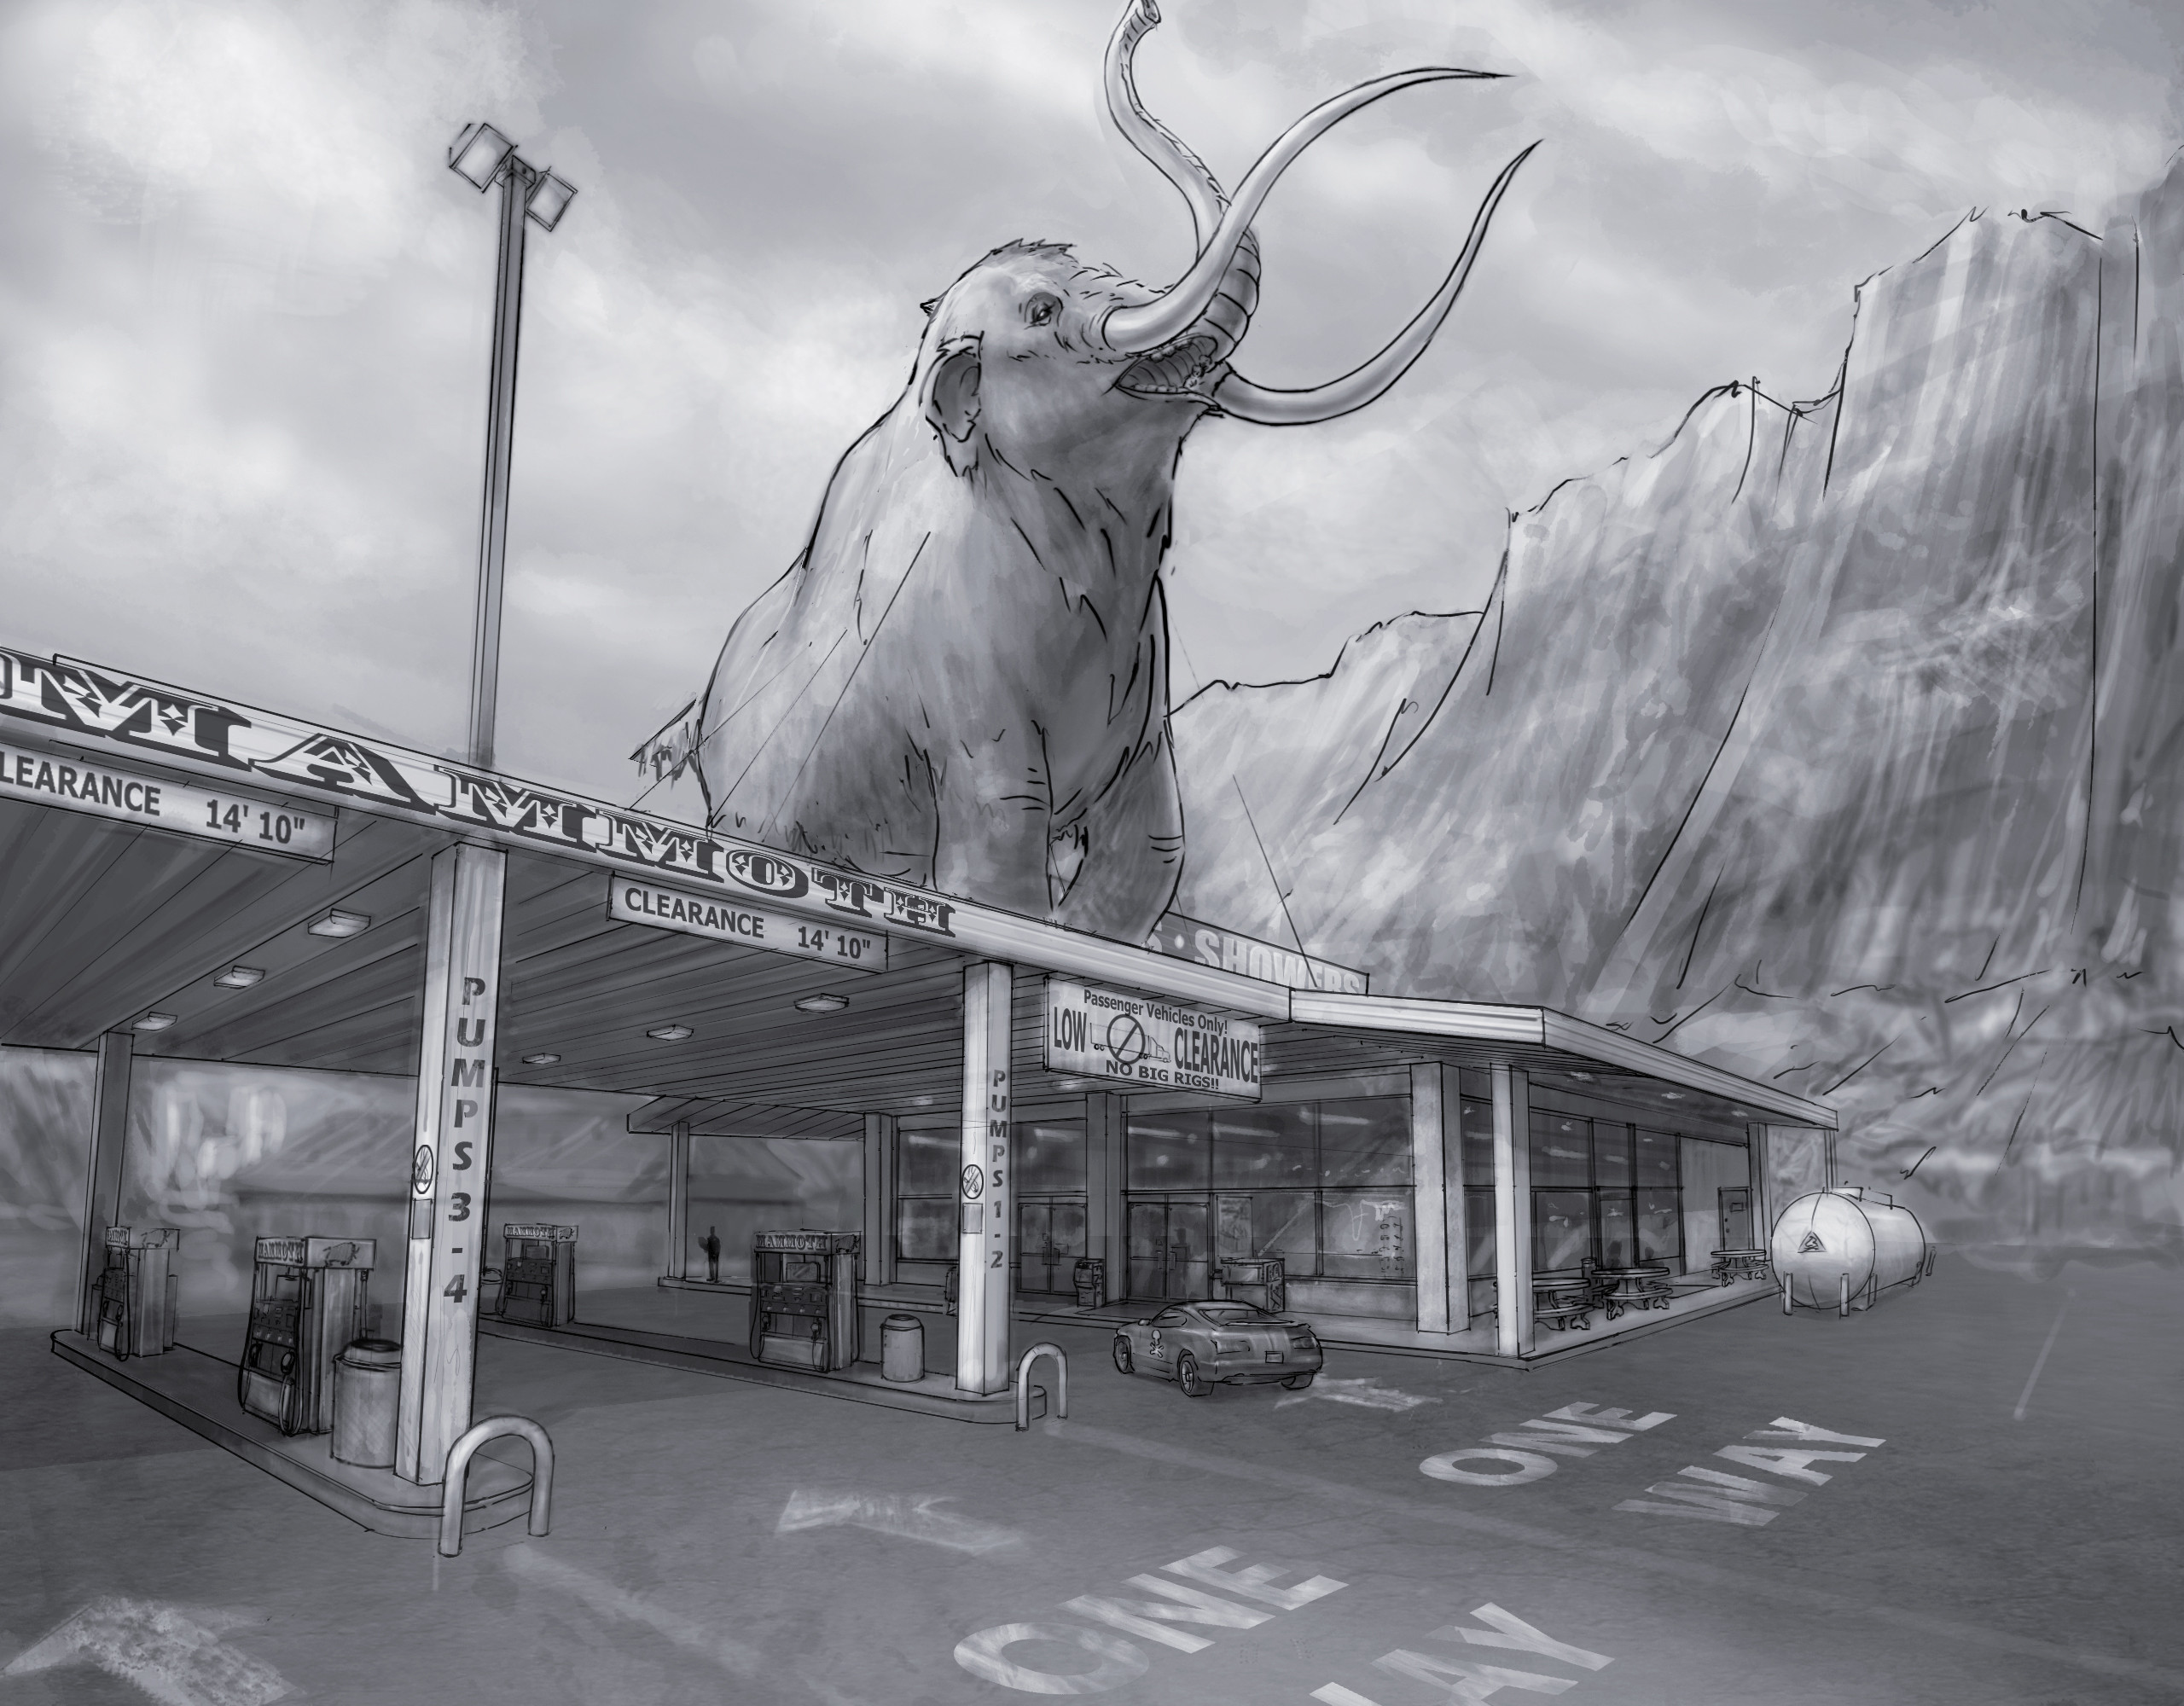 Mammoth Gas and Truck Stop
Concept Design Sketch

--

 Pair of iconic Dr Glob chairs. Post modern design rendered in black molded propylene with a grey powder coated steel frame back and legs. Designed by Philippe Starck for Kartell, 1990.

* * *

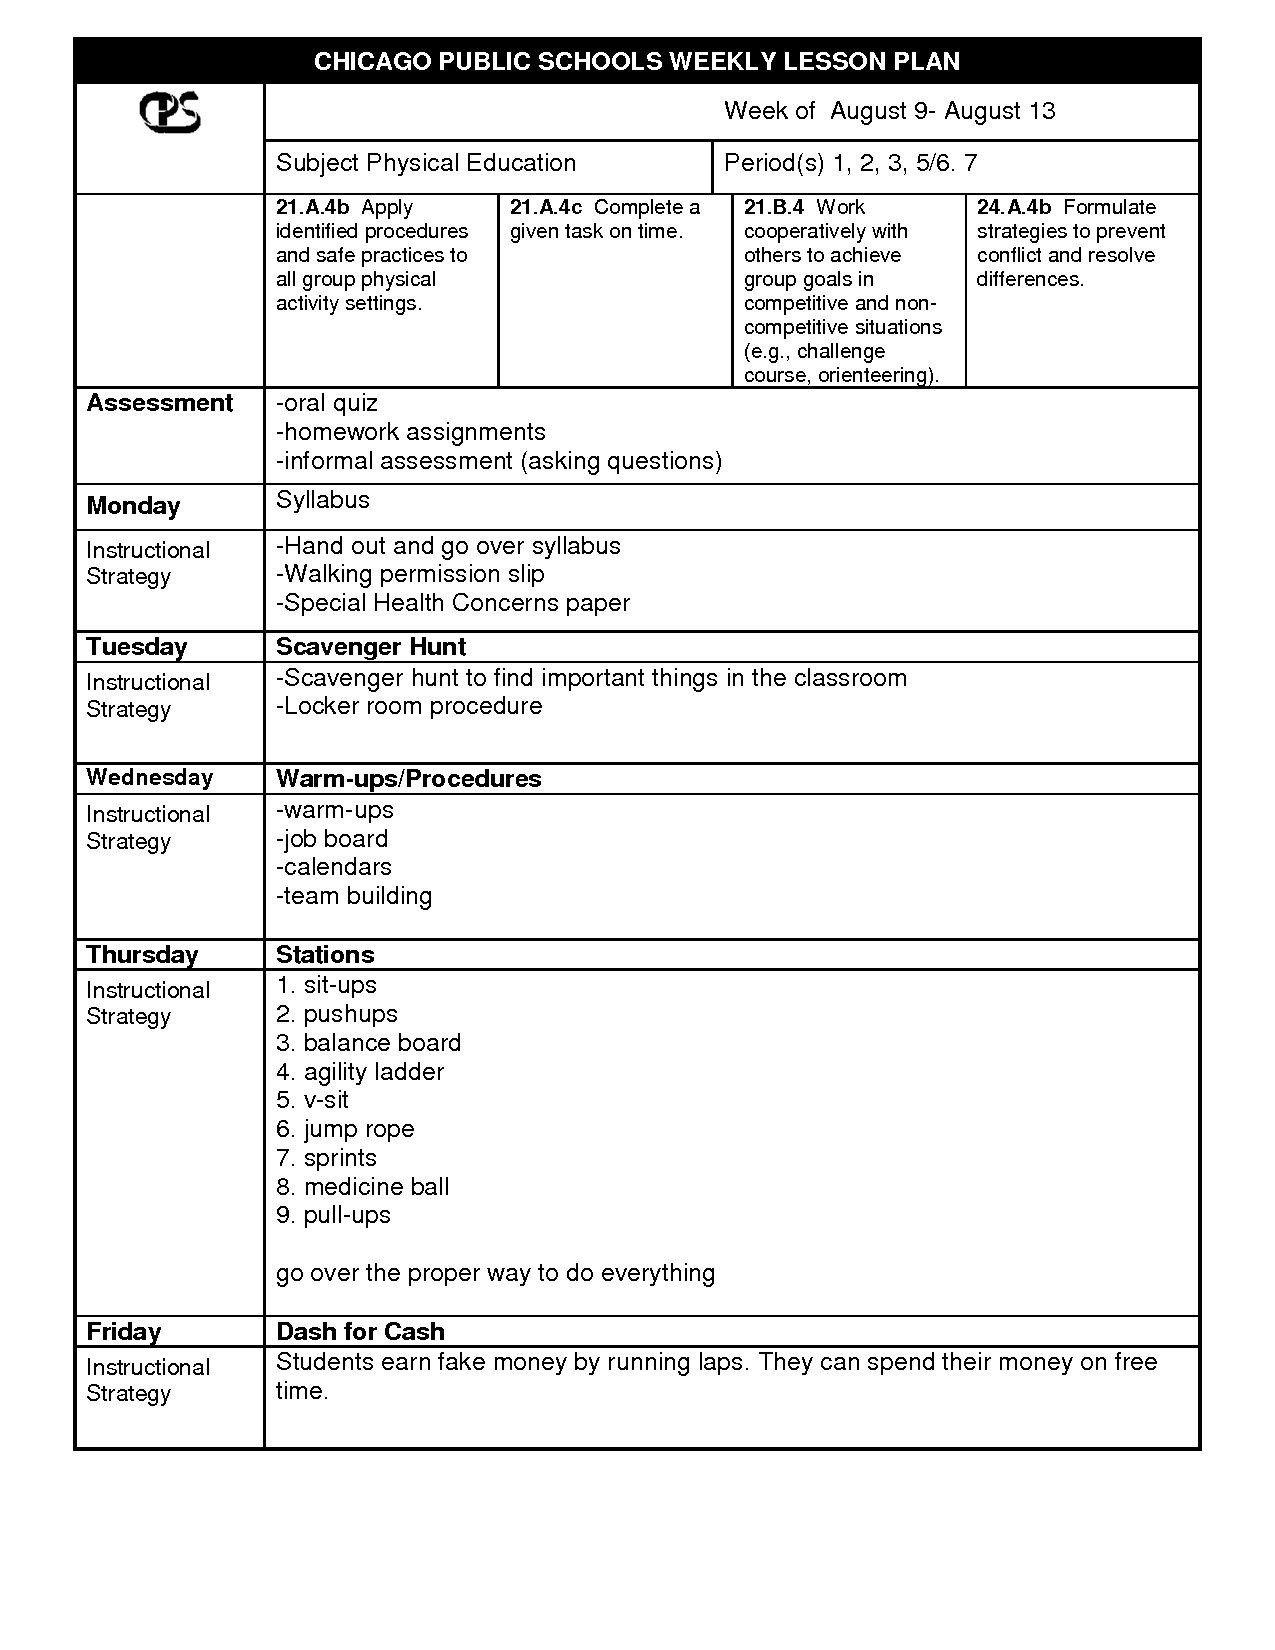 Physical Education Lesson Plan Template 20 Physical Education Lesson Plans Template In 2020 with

Work instruction:
From the listing above, please give again the lines that begin with the line holding "Mammoth Gas and Truck Stop" and go on through the line holding "Concept Design Sketch", exactly, both ends included, minus any picture.

Answer area:
 Mammoth Gas and Truck Stop
Concept Design Sketch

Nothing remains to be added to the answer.